2. Collection and Processing of Data
a) Contact Form
When you use our contact form, we collect your name, email address, and message. This data is used solely to process your inquiry. Processing is based on your consent (Art. 6(1)(a) GDPR), which you grant by submitting the form and activating the consent option. Your data will be deleted after your inquiry has been fully processed, unless statutory retention obligations apply (generally no later than 3 years).

b) Lead Magnet / Newsletter Resources
When you request free resources (e.g., scorecards, whitepapers) through our website, we collect your first name and email address. This data is used to deliver the requested resource and for subsequent email communication (maximum 3 emails over 7 days). Processing is based on your explicit consent (Art. 6(1)(a) GDPR). For email delivery, we use the service Brevo (Sendinblue), Sendinblue GmbH, Köpenicker Str. 126, 10179 Berlin, Germany. Brevo processes your data exclusively on our behalf and on the basis of a data processing agreement pursuant to Art. 28 GDPR. All data is stored on servers within the EU. You may withdraw your consent at any time by using the unsubscribe link in any email or by contacting us at info@securestrategies.at. Upon withdrawal, your data will be deleted promptly.

3. Server Log Data
Our hosting provider, Easyname GmbH, Fernkorngasse 10/3/13, 1100 Vienna, Austria, automatically collects server log data to ensure the operation of the website and to generate anonymized visitor statistics. This includes anonymized IP addresses, access times, accessed pages, and browser information. This data is not linked to personal information and is deleted after no more than 30 days, unless security incidents occur. The processing is based on our legitimate interest (Art. 6(1)(f) GDPR) to ensure website functionality and security.

4. Cookies and Web Analytics
a) Technically Necessary Cookies
Our website uses a technically necessary session cookie (PHPSESSID), which is required for the basic functionality of the website — specifically to store your language preference (German/English). This cookie is automatically deleted when you close your browser. As it is a technically necessary cookie within the meaning of § 165(3) TKG 2021 (Austrian Telecommunications Act), no separate consent is required.

b) Google Analytics
This website uses Google Analytics 4, a web analytics service provided by Google Ireland Limited, Gordon House, Barrow Street, Dublin 4, Ireland ("Google"). Google Analytics uses cookies and similar technologies to analyze your use of the website. The information generated is generally transferred to and stored on a Google server. IP anonymization is enabled, so your IP address is truncated by Google within the EU/EEA. Only in exceptional cases is the full IP address transferred to a Google server in the USA and truncated there. Data transfer to the USA is based on EU Standard Contractual Clauses (Art. 46(2)(c) GDPR). Google will use this information on our behalf to evaluate website usage and compile reports on website activity. Processing is based on our legitimate interest (Art. 6(1)(f) GDPR) in the statistical analysis of user behavior to optimize our website. Our Google Analytics Measurement ID is G-0W97200JS2. You can prevent data collection by Google Analytics by installing the browser add-on for disabling Google Analytics: https://tools.google.com/dlpage/gaoptout. For more information, see the Google Privacy Policy.

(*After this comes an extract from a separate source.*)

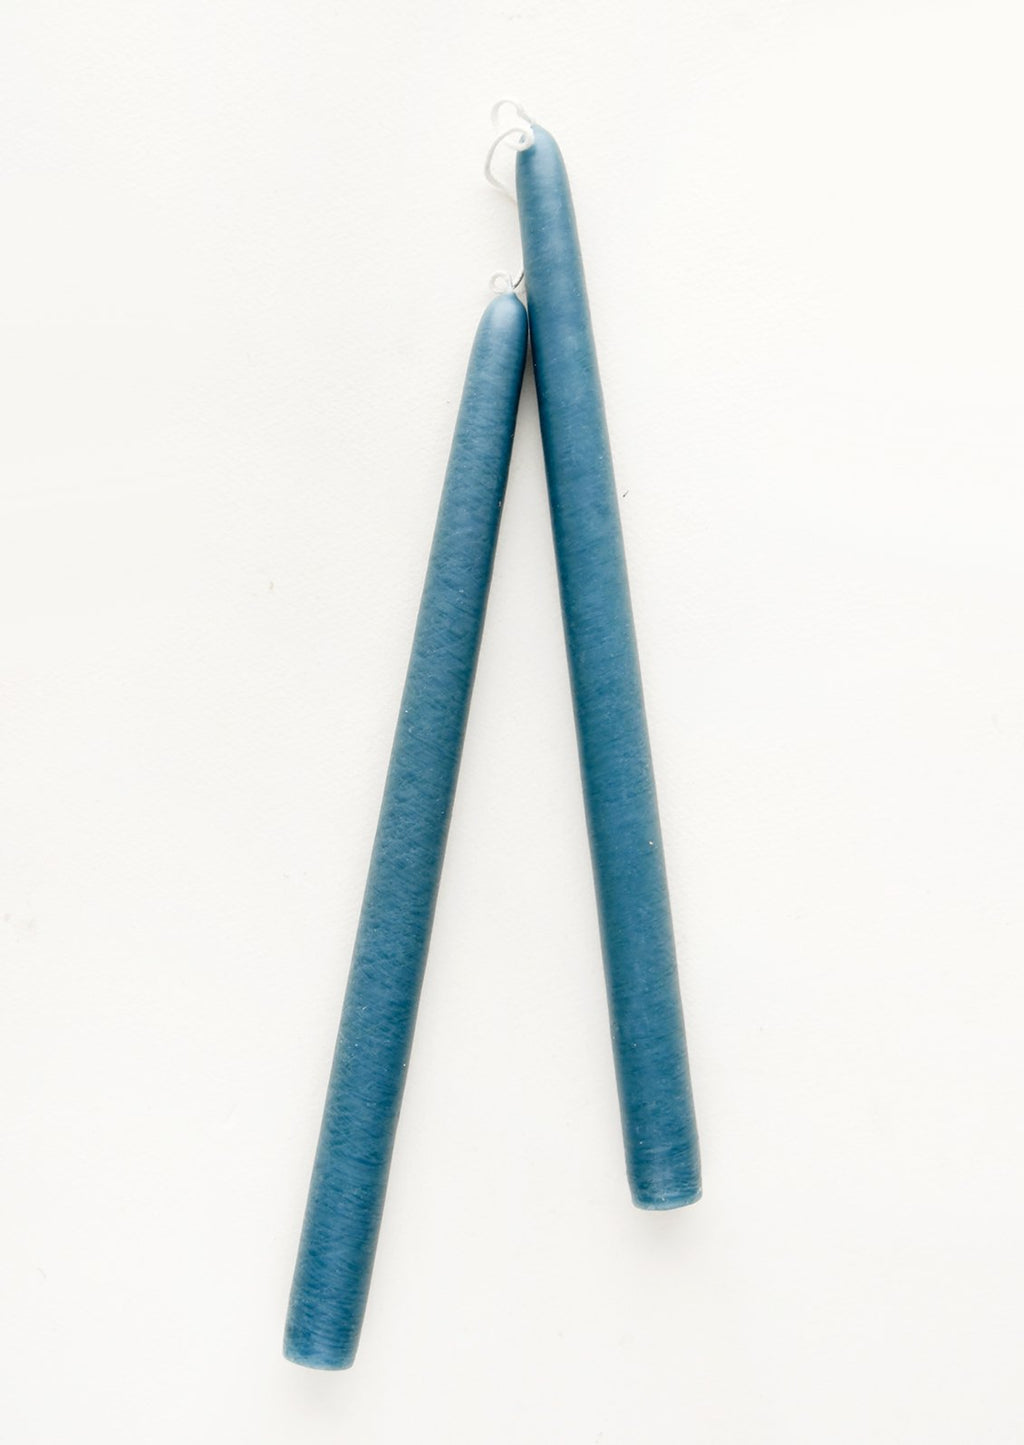 Lake Blue: Dripless Taper Candles

5. External Resources (Google Fonts, Font Awesome)
This website loads fonts from Google Fonts (Google Ireland Limited, Gordon House, Barrow Street, Dublin 4, Ireland) and icons from Font Awesome (Fonticons, Inc., 307 S. Main St, Suite 202, Bentonville, AR 72712, USA) via Content Delivery Networks (CDN). When loading these resources, your IP address is transmitted to the respective providers. This is technically necessary for your browser to load the fonts and icons. Processing is based on our legitimate interest (Art. 6(1)(f) GDPR) in a consistent and appealing presentation of our website. Data transmission is encrypted (HTTPS). For more information, see the Google Privacy Policy and the Font Awesome Privacy Policy.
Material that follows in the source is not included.